Work order »
Which lines of the entries below run from the one holding "Pasta Museum Honour" to the one holding "[o美國直購] Euro-Cuisine YM100", inclusive? Set down exactly those lines and no others.

(Stored data)
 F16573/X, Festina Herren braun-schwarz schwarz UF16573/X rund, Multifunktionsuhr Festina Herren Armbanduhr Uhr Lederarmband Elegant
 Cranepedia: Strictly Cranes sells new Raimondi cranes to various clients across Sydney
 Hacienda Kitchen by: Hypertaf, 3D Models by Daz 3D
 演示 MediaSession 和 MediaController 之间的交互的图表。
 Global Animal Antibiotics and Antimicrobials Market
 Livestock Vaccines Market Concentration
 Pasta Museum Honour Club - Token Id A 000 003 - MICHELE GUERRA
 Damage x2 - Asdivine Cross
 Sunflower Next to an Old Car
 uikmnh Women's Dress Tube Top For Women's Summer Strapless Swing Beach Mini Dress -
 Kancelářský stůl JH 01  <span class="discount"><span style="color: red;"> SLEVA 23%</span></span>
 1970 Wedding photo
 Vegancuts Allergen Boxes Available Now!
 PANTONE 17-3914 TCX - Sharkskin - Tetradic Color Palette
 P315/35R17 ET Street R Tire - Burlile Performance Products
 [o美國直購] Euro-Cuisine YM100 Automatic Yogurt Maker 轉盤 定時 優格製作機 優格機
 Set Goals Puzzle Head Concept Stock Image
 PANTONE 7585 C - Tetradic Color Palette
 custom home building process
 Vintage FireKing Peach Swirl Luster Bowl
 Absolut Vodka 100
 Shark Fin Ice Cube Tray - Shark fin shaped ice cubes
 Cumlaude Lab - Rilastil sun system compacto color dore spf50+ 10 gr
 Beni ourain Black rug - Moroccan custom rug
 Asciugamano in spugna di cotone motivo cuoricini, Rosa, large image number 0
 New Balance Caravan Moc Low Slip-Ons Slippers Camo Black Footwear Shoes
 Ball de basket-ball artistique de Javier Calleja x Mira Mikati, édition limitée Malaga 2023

Answer box »
 Pasta Museum Honour Club - Token Id A 000 003 - MICHELE GUERRA
 Damage x2 - Asdivine Cross
 Sunflower Next to an Old Car
 uikmnh Women's Dress Tube Top For Women's Summer Strapless Swing Beach Mini Dress -
 Kancelářský stůl JH 01  <span class="discount"><span style="color: red;"> SLEVA 23%</span></span>
 1970 Wedding photo
 Vegancuts Allergen Boxes Available Now!
 PANTONE 17-3914 TCX - Sharkskin - Tetradic Color Palette
 P315/35R17 ET Street R Tire - Burlile Performance Products
 [o美國直購] Euro-Cuisine YM100 Automatic Yogurt Maker 轉盤 定時 優格製作機 優格機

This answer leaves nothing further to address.